Price 7K$/1 CPU, 12.5K 2CPUs, down to 4K$CPU with large purchases Requirements: Linux (Windows) cluster/ recommended 2GB RAM / node

Other components:

  • Mascot Distiller
  • Mascot Deamon

Hints: - knowing estimated mass or isoelectric point helps - with Protein Fingerprintin do not use Swiss Prot -> use NR

Example files: http://gchelpdesk.ualberta.ca/ABRF2005/

Algorithm: Mowse scoring


Global Proteomic Machine / X!Tandem

  • thegpm.com

+ comments from Sunday Ron Beavis

Function:

  • IDs proteins from MS/MS data
  • permits point mutations!
  • Open source, Perl, Knoppix distro exists
  • Multithreded but also a version running on cluster (linux) in Kentucky
  • uses Open Mass Spectrometry Search Algorithm

Open Mass Spectrometry Search Algorithm Lewis Y. Geer, Sanford P. Markey, Jeffrey A. Kowalak, Lukas Wagner, Ming Xu, Dawn M. Maynard, Xiaoyu Yang, Wenyao Shi, and Stephen H. Bryant J. Proteome Res.; 2004; 3(5) pp 958 - 964; (Article) DOI: 10.1021/pr0499491


  • Uses database of reversed protein sequences to indicate getting into "bad matches area"
  • stores a database of real mass spec spectra (50 milions donated so far!) and one can compare these with actual results or a given peptide (if present)

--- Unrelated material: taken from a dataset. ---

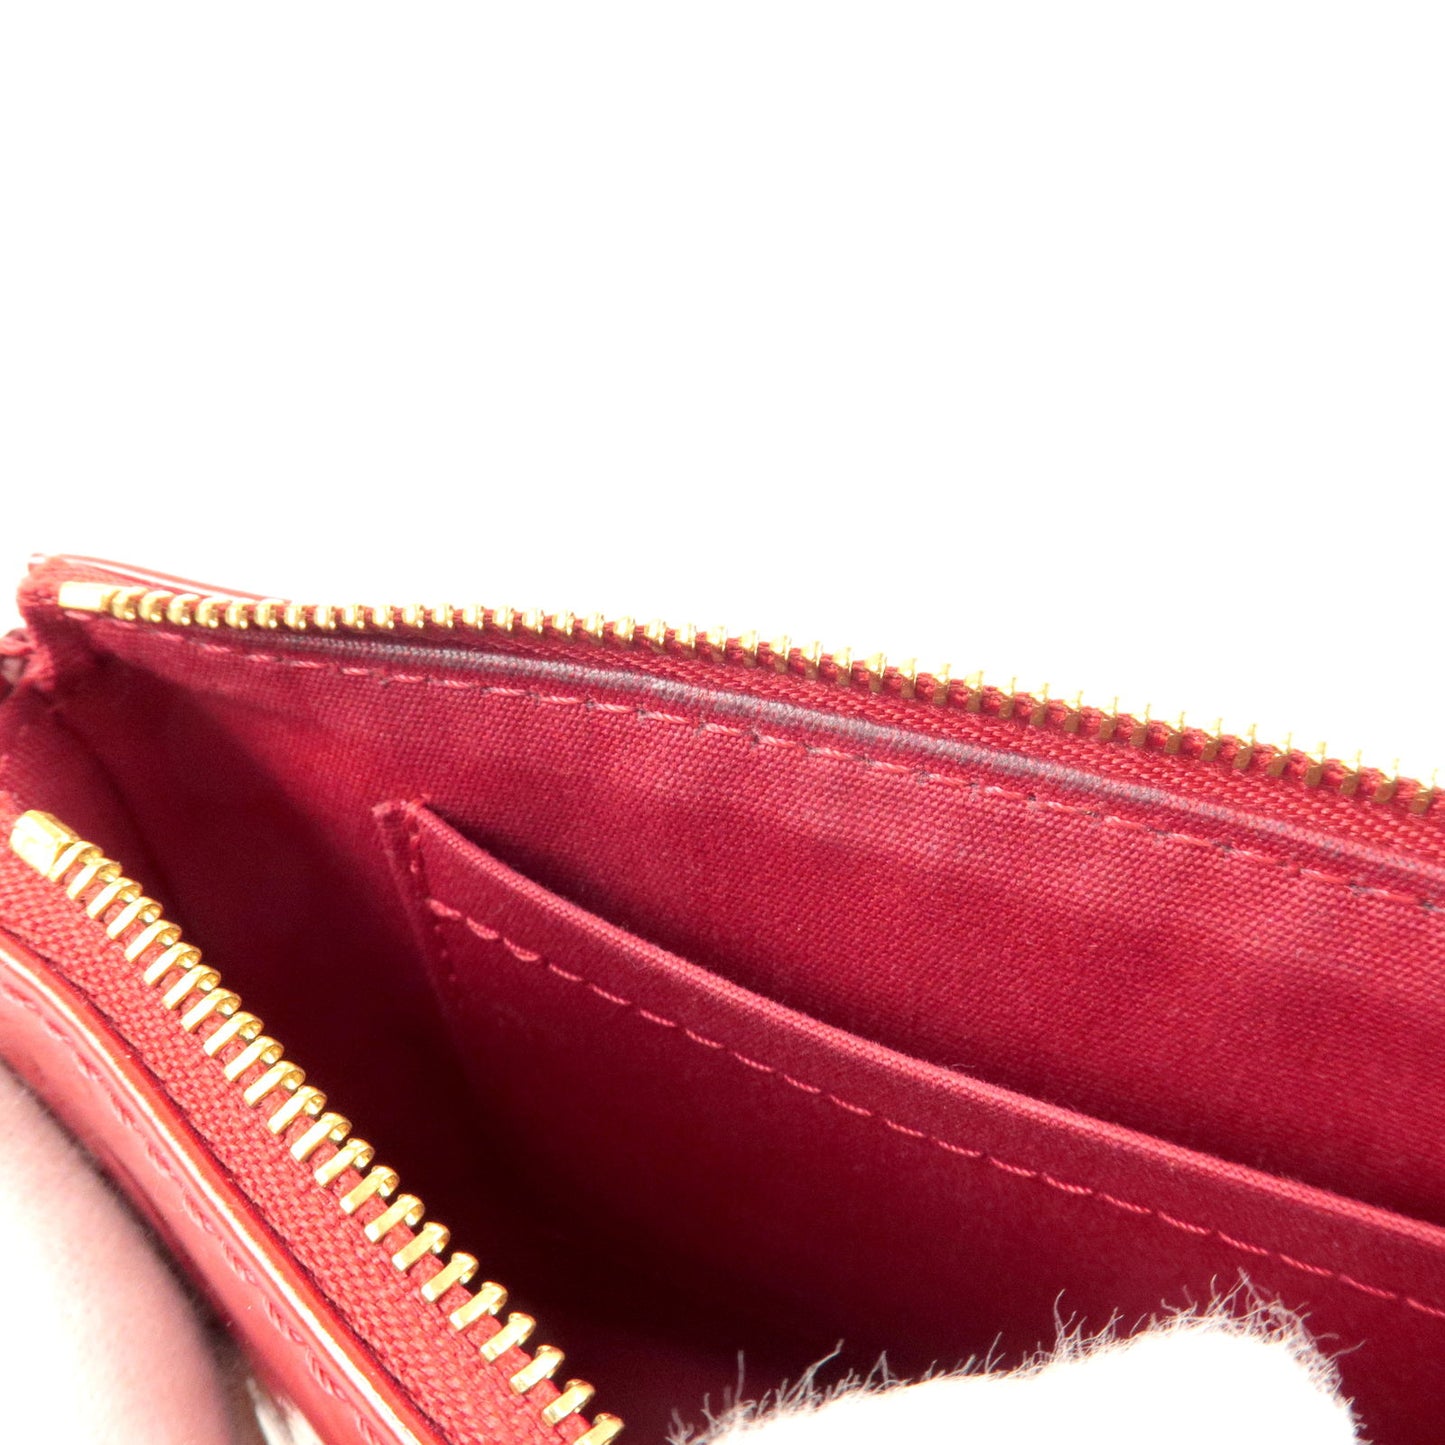 Louis-Vuitton-Monogram-Vernis-Pochette-Accessoires-Red-M91577

Output of spectra as scalable vector graphic Common XML input output format

Sequest

In a standard relase:

  • requires Win2000 as a head node! even if cluster can be Windows head node/Linux slaves using PVM
  • Head 4-6 GB RAM
  • 5TB disks on head node
  • 32 CPUs in toital

big SRF files do not work on cluster

General impression: Works but it is a cludge. Creates bunch of (tens of thousands) small files (1-4kb) in single dir making backups/maintenance etc. very hard on OS.

FPGA containing Linux box (Sequest Sourcerer) -> rewritten algoritm/ fast from THERMAL

Data output: LCQ 19MB LTQ 100MB LTQ-F > 250MB /run

Other notes:

  • 75% peptides after tripsin /77% with perfect chemotrypsin digest are unique
  • some people claim that Sequest algorithm is superior in accuracy than mascot on anything longer than 9AA
  • exports XML/Excel files


Spectrum Mill

  • works only on Internet Explorer/ Server on Windows.
  • used mostly for de novo sequencing
  • not much comparative data



Mascot Integra Lab LIMS system based on Lab Vantage oand Oracle 9 using Phoreiix exchange format

Requirements:

  • dual 3.2 Xeons
  • Win Server 2003

Pricing: depends on number of concurent users / number of CPUs (29$K entry level)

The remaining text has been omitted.